Work instruction —
Look through the entries below and extract exactly the lines from the one containing "flyfishing asp pike carp" through the one containing "alta moda amplia", ends included.

Provided records —
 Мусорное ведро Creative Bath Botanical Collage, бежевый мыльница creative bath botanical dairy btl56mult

---

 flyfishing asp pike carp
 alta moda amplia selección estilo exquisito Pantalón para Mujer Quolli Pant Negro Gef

==

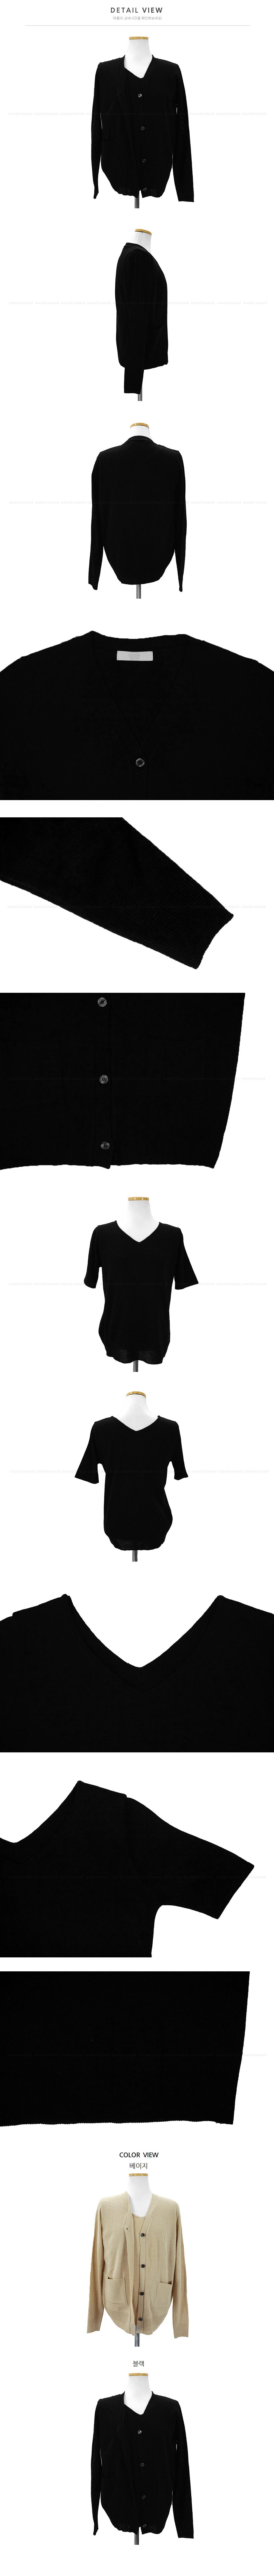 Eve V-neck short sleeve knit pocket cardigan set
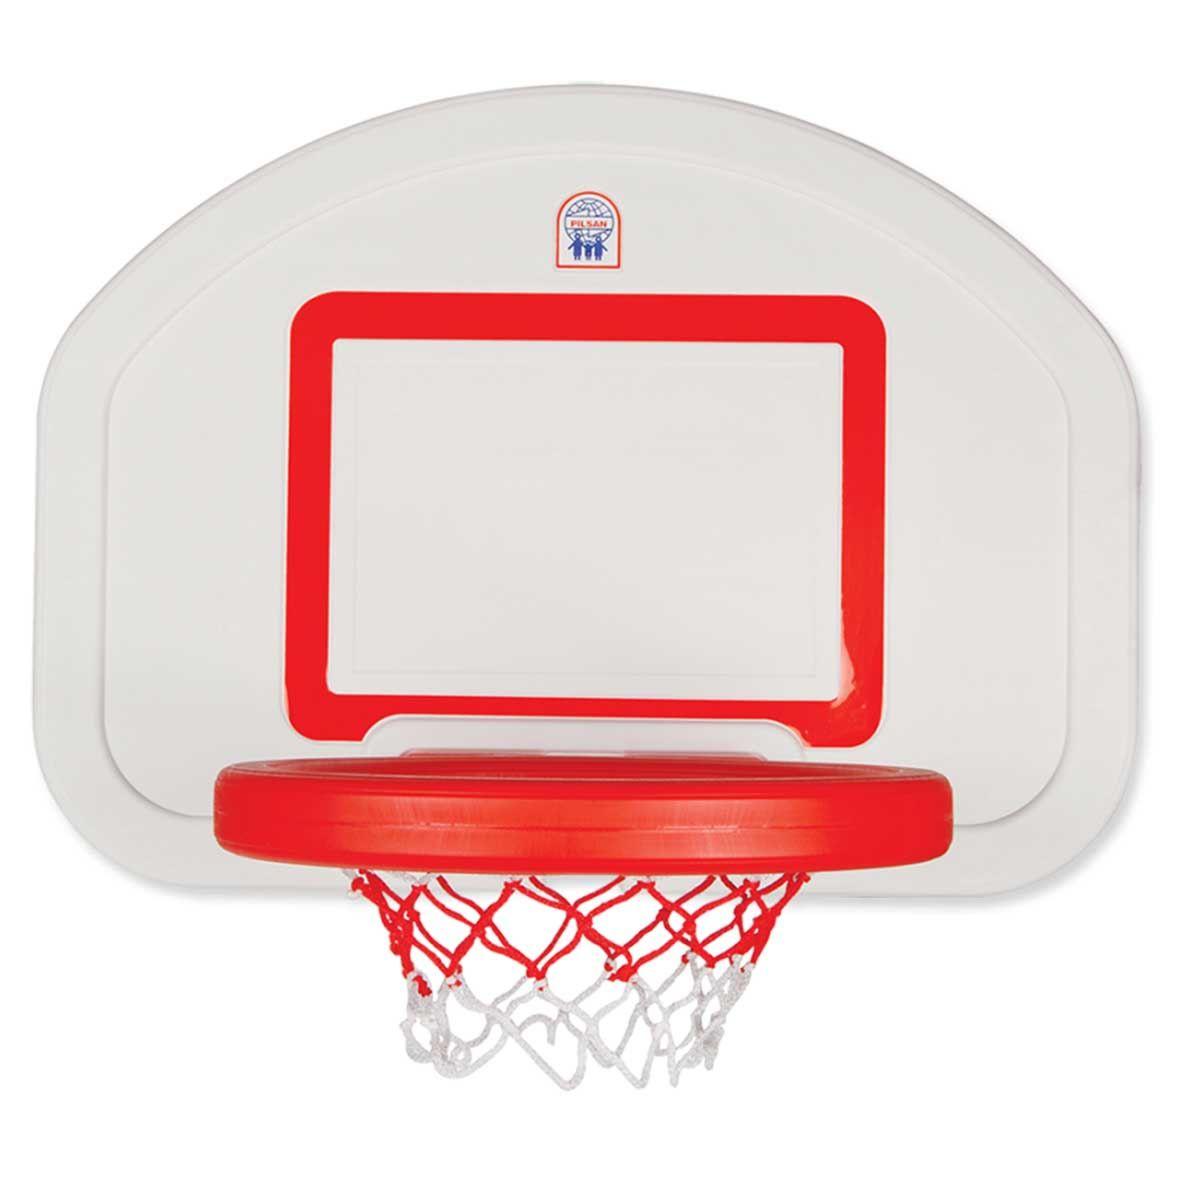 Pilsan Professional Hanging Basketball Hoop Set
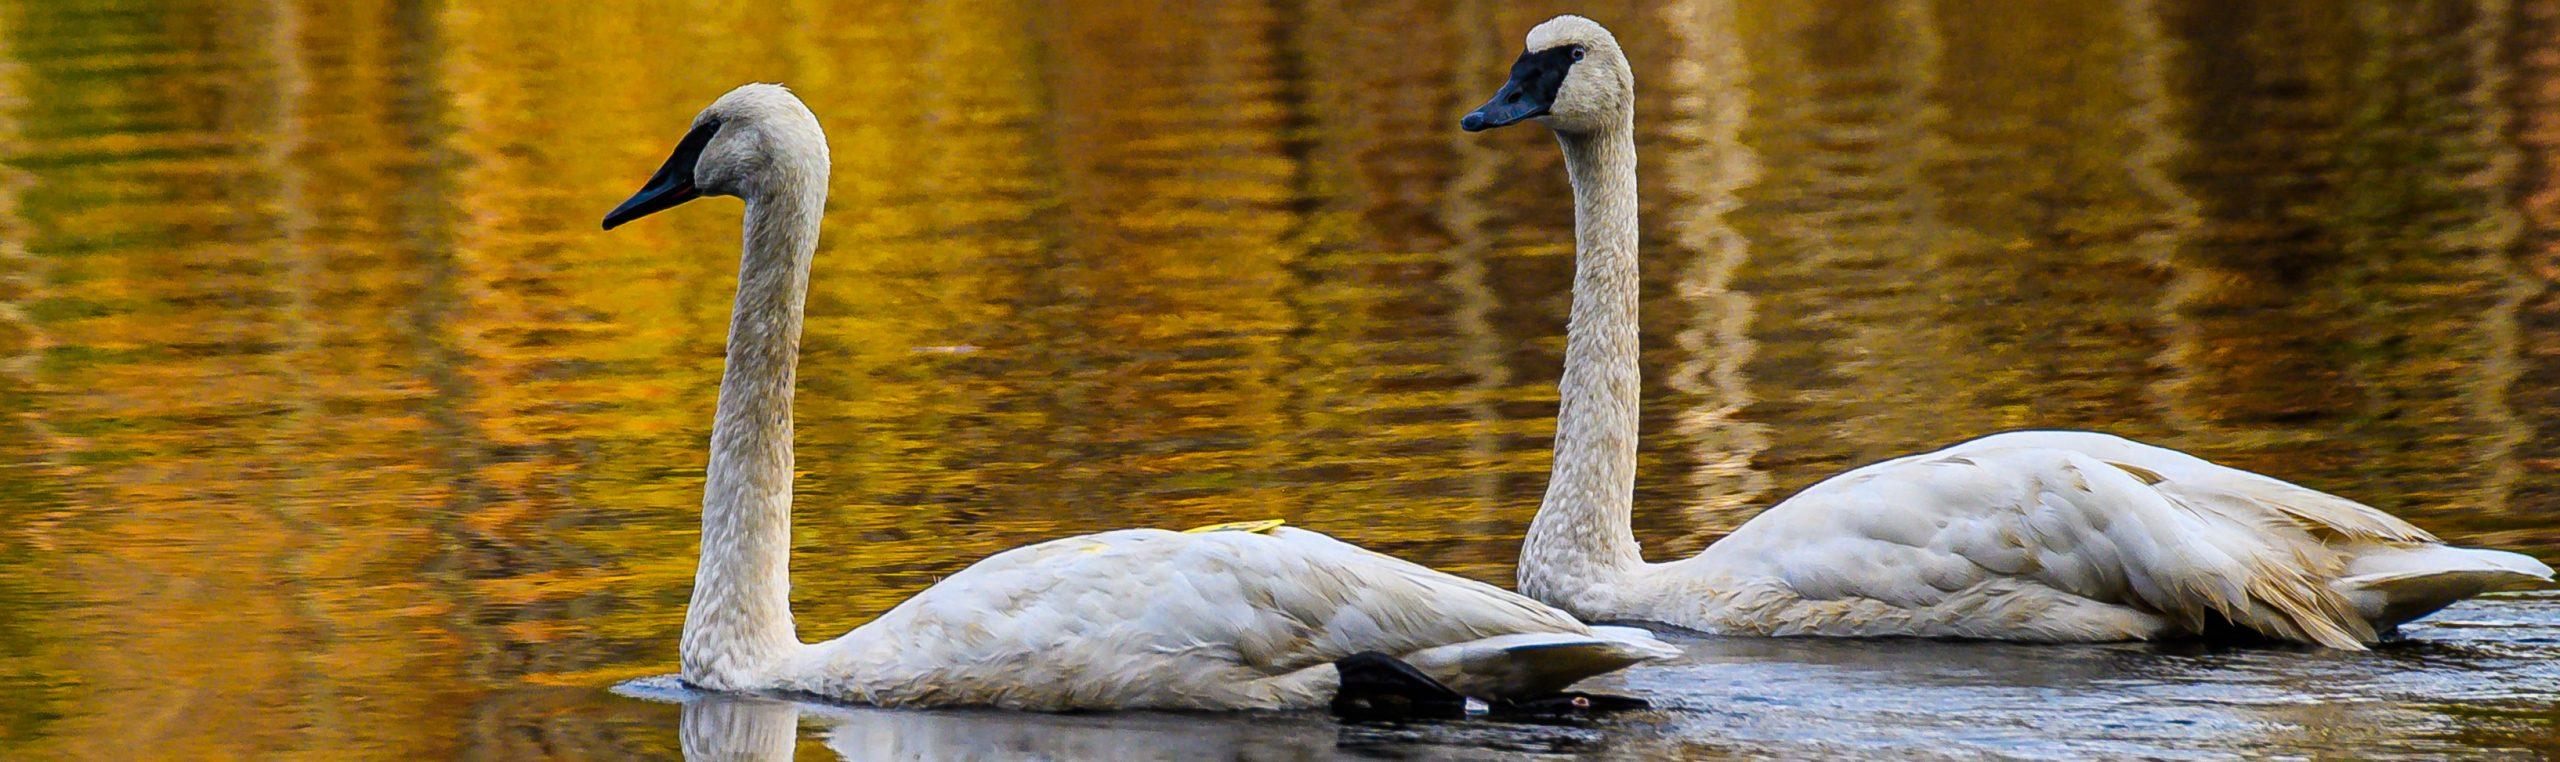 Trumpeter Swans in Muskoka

Your solution —
 flyfishing asp pike carp
 alta moda amplia selección estilo exquisito Pantalón para Mujer Quolli Pant Negro Gef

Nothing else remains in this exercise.